[Recorded data]

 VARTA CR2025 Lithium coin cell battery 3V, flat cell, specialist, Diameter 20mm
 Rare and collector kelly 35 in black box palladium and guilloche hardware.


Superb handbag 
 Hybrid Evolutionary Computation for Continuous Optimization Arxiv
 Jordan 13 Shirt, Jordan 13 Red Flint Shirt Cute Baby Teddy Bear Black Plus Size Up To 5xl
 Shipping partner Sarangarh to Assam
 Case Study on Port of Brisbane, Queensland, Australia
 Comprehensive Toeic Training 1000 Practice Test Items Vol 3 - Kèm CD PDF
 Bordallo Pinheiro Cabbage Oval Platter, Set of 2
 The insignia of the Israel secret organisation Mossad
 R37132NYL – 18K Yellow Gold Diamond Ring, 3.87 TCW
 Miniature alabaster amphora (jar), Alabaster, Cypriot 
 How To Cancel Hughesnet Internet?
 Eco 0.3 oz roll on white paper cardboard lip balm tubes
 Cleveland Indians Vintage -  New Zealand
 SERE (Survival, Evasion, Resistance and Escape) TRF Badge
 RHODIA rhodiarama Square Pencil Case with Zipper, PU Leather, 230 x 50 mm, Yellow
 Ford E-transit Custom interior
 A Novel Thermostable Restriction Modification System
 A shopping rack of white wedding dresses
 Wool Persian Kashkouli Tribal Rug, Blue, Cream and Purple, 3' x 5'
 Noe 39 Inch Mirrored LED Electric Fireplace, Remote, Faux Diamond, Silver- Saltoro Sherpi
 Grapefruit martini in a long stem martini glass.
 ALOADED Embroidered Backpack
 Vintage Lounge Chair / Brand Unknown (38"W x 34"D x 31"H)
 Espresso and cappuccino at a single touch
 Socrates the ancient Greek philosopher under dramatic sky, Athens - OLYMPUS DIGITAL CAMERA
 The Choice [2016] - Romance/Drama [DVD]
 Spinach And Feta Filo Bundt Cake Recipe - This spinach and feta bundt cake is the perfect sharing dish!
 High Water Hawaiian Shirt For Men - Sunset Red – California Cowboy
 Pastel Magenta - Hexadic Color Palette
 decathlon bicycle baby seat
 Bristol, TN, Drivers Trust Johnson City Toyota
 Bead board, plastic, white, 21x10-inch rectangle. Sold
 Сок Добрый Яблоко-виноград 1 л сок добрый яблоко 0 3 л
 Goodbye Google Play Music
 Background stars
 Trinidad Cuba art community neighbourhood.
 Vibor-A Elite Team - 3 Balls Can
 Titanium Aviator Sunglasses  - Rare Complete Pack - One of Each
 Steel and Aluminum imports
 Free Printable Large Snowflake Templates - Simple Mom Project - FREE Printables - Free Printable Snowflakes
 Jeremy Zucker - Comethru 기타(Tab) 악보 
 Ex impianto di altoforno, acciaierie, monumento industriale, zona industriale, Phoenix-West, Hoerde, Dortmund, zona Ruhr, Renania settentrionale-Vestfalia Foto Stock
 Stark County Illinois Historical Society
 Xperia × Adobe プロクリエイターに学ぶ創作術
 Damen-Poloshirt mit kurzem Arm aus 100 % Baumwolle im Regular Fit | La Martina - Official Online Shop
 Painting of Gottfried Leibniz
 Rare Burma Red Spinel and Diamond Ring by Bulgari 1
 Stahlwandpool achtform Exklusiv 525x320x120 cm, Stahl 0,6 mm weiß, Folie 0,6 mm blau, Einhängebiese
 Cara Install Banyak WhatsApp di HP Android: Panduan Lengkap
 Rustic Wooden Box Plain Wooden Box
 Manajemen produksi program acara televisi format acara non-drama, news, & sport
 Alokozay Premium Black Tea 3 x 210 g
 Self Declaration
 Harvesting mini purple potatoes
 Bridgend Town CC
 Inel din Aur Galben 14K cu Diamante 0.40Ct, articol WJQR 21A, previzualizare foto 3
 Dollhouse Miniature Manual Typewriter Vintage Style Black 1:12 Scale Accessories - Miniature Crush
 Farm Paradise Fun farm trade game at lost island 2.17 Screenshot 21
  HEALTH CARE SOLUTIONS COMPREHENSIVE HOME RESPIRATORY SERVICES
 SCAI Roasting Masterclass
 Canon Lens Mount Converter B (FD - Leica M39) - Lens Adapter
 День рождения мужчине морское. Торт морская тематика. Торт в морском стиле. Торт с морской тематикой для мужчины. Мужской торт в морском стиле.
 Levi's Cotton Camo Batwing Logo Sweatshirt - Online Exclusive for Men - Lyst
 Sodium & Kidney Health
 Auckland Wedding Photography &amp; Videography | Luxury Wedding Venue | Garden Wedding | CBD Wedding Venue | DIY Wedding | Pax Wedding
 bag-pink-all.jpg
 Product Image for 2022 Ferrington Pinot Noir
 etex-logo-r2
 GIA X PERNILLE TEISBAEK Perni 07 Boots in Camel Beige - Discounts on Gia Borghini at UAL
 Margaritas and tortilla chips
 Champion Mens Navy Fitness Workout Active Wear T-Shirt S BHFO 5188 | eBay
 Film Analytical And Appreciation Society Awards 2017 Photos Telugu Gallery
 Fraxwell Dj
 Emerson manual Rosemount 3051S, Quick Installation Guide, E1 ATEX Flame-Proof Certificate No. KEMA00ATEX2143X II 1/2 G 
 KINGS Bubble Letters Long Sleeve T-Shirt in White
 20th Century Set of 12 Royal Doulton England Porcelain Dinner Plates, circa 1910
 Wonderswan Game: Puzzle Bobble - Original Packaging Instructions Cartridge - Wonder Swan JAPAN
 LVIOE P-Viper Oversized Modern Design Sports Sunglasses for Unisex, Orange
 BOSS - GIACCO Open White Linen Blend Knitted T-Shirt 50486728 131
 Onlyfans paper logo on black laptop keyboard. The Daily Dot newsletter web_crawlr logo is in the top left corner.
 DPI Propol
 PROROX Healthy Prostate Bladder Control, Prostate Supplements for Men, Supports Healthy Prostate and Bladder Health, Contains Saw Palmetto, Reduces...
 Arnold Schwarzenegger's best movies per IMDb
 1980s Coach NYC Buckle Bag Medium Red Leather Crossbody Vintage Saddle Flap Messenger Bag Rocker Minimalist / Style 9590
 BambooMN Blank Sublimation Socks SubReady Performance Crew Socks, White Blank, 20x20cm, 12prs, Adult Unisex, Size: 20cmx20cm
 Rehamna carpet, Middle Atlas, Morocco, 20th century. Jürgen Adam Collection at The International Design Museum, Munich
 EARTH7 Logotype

◆ **Goal of the exercise**
What you return must be an exact retyping of the lines above starting at the line with "Stark County Illinois Historical Society" and ending at the line with "Rare Burma Red", and nothing besides.

◆ **Task result**
 Stark County Illinois Historical Society
 Xperia × Adobe プロクリエイターに学ぶ創作術
 Damen-Poloshirt mit kurzem Arm aus 100 % Baumwolle im Regular Fit | La Martina - Official Online Shop
 Painting of Gottfried Leibniz
 Rare Burma Red Spinel and Diamond Ring by Bulgari 1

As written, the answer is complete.